An individual’s rights
Equally, the court’s approach to protecting the rights of individuals is disturbing as seen in the case of the former Union Minister P. Chidambaram. On August 14, 2017, the Supreme Court entertained an SLP filed by the Central Bureau of Investigation (CBI) on the same day, included in the supplementary list as the last item before the Court of the CJI. The order of the Madras High Court appealed against was stayed. On February 22, 2018, the Supreme Court entertained the CBI’s interlocutory application on being mentioned and listed it for the next day. In both these cases, the respondent was Karti P. Chidambaram. Contrary to these actions, on August 21, 2019, it shied away from entertaining a petition by Mr. P. Chidambaram on super technical grounds.

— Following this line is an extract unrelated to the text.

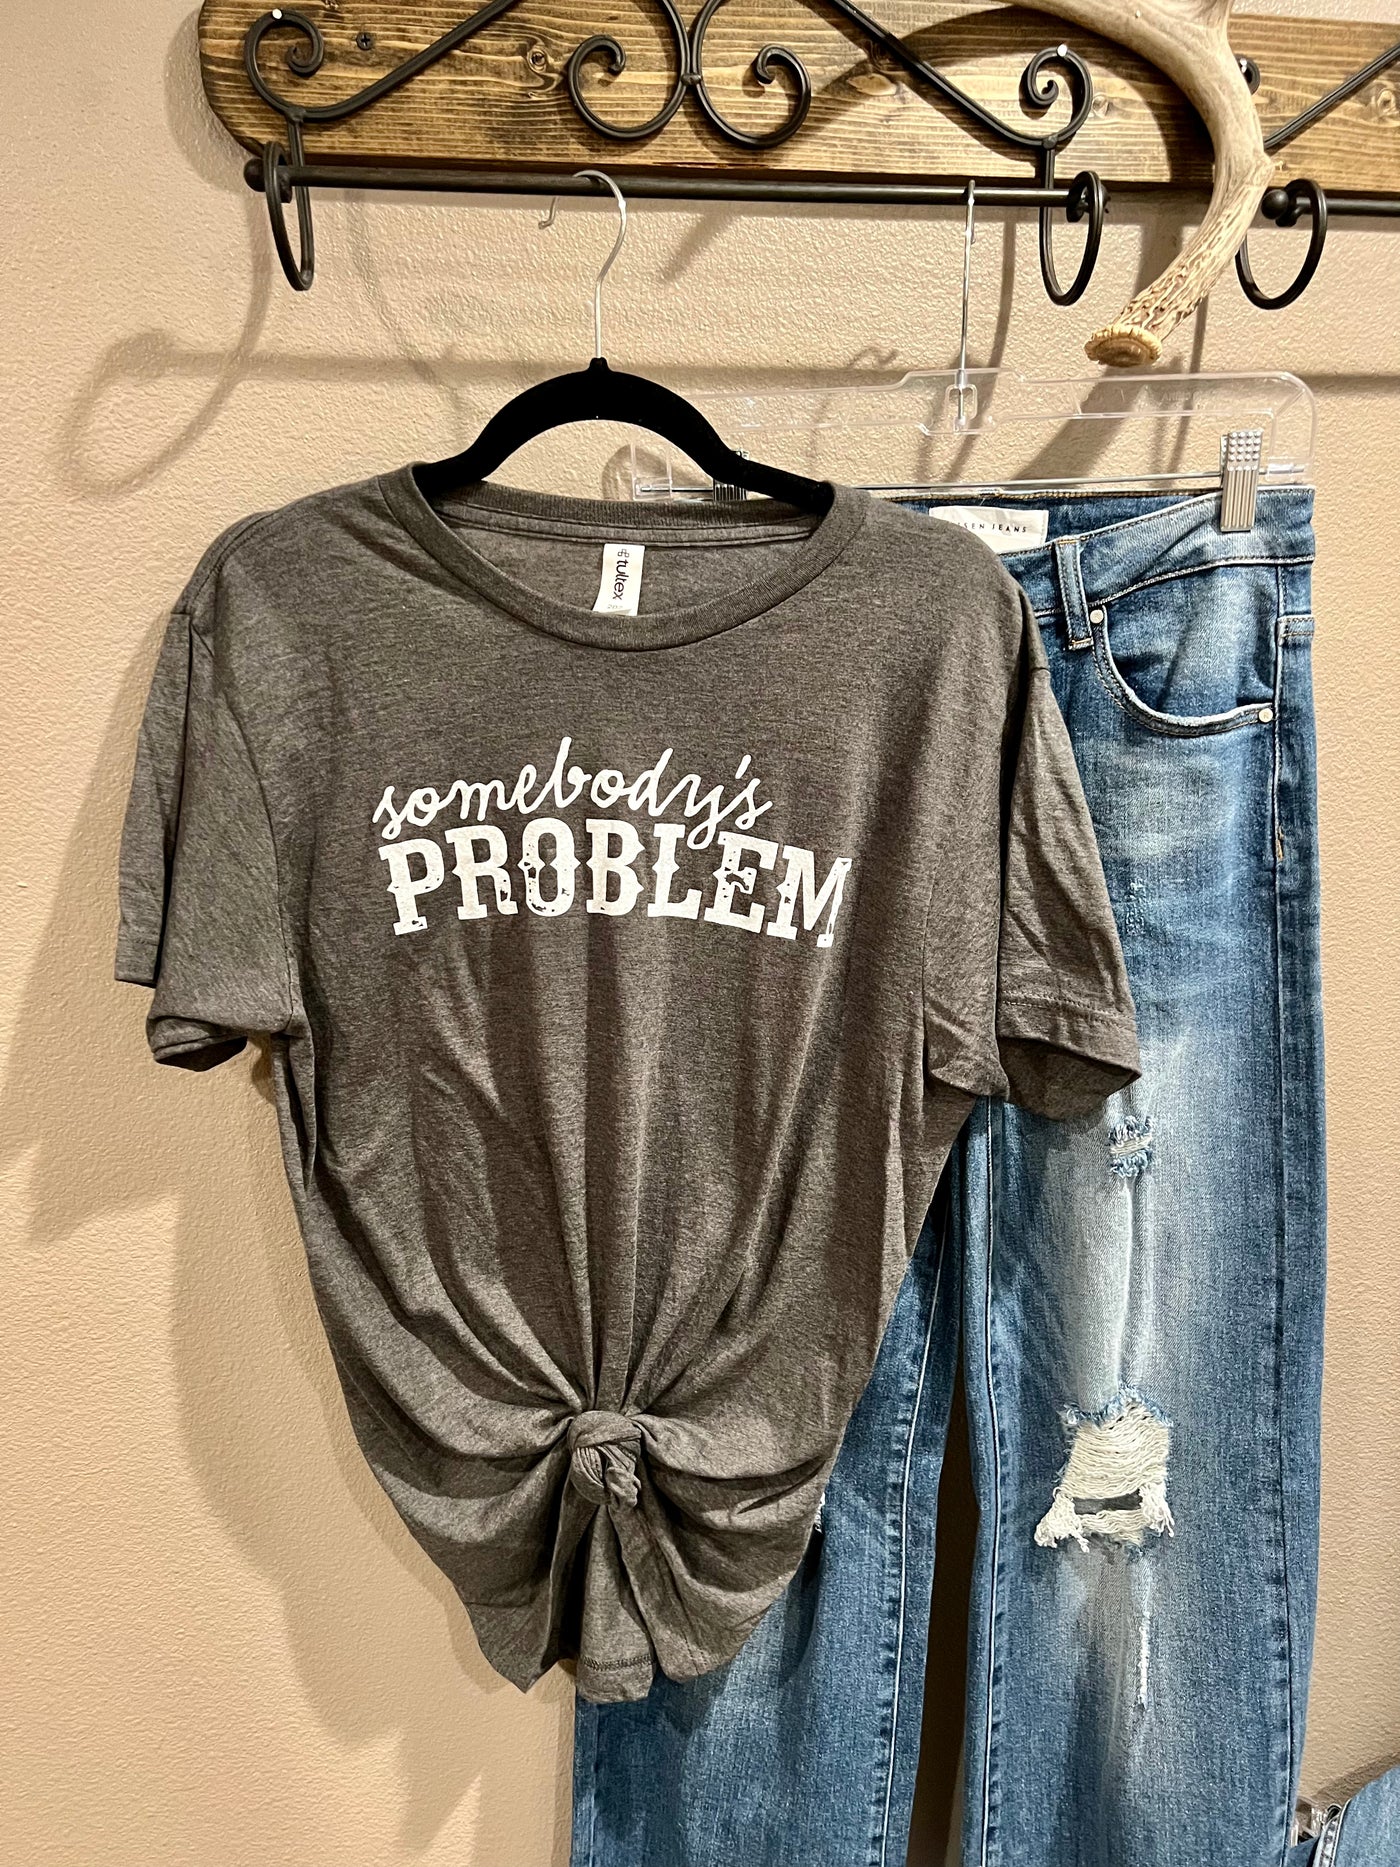 Somebody's Problem

On August 16, a court bench entertained a petition filed by the Serious Fraud Investigation Office, on the same date and stayed the order of the Madras High Court. The reluctance to even list the matter on the same day is disappointing.
It is not suggested for a moment that Mr. Chidambaram should not face the inquiry. But in a case where the retiring Judge of the High Court delivers the judgment after several months and in the afternoon (3 p.m.), virtually making it impossible for the petitioner to get relief from Supreme Court and which simultaneously fails to extend the interim protection which was operating for this period, is a case where the top court should have intervened. In its actions, the top court that made the right to anticipatory bail sacrosanct ( Gurbaksh Singh Sibbia Etc vs State Of Punjab , 1980) has now made it infructuous. Does the judiciary have to be reminded of the fundamental principle, actus curiae neminem gravabit (no person should be prejudiced by an act of Court)?
The judiciary needs to dispel the perception that it is no longer the pillar created to protect constitutional and legal rights. In any failure, its stature and status as the “bulwark of the rule of law and the democracy” will be compromised.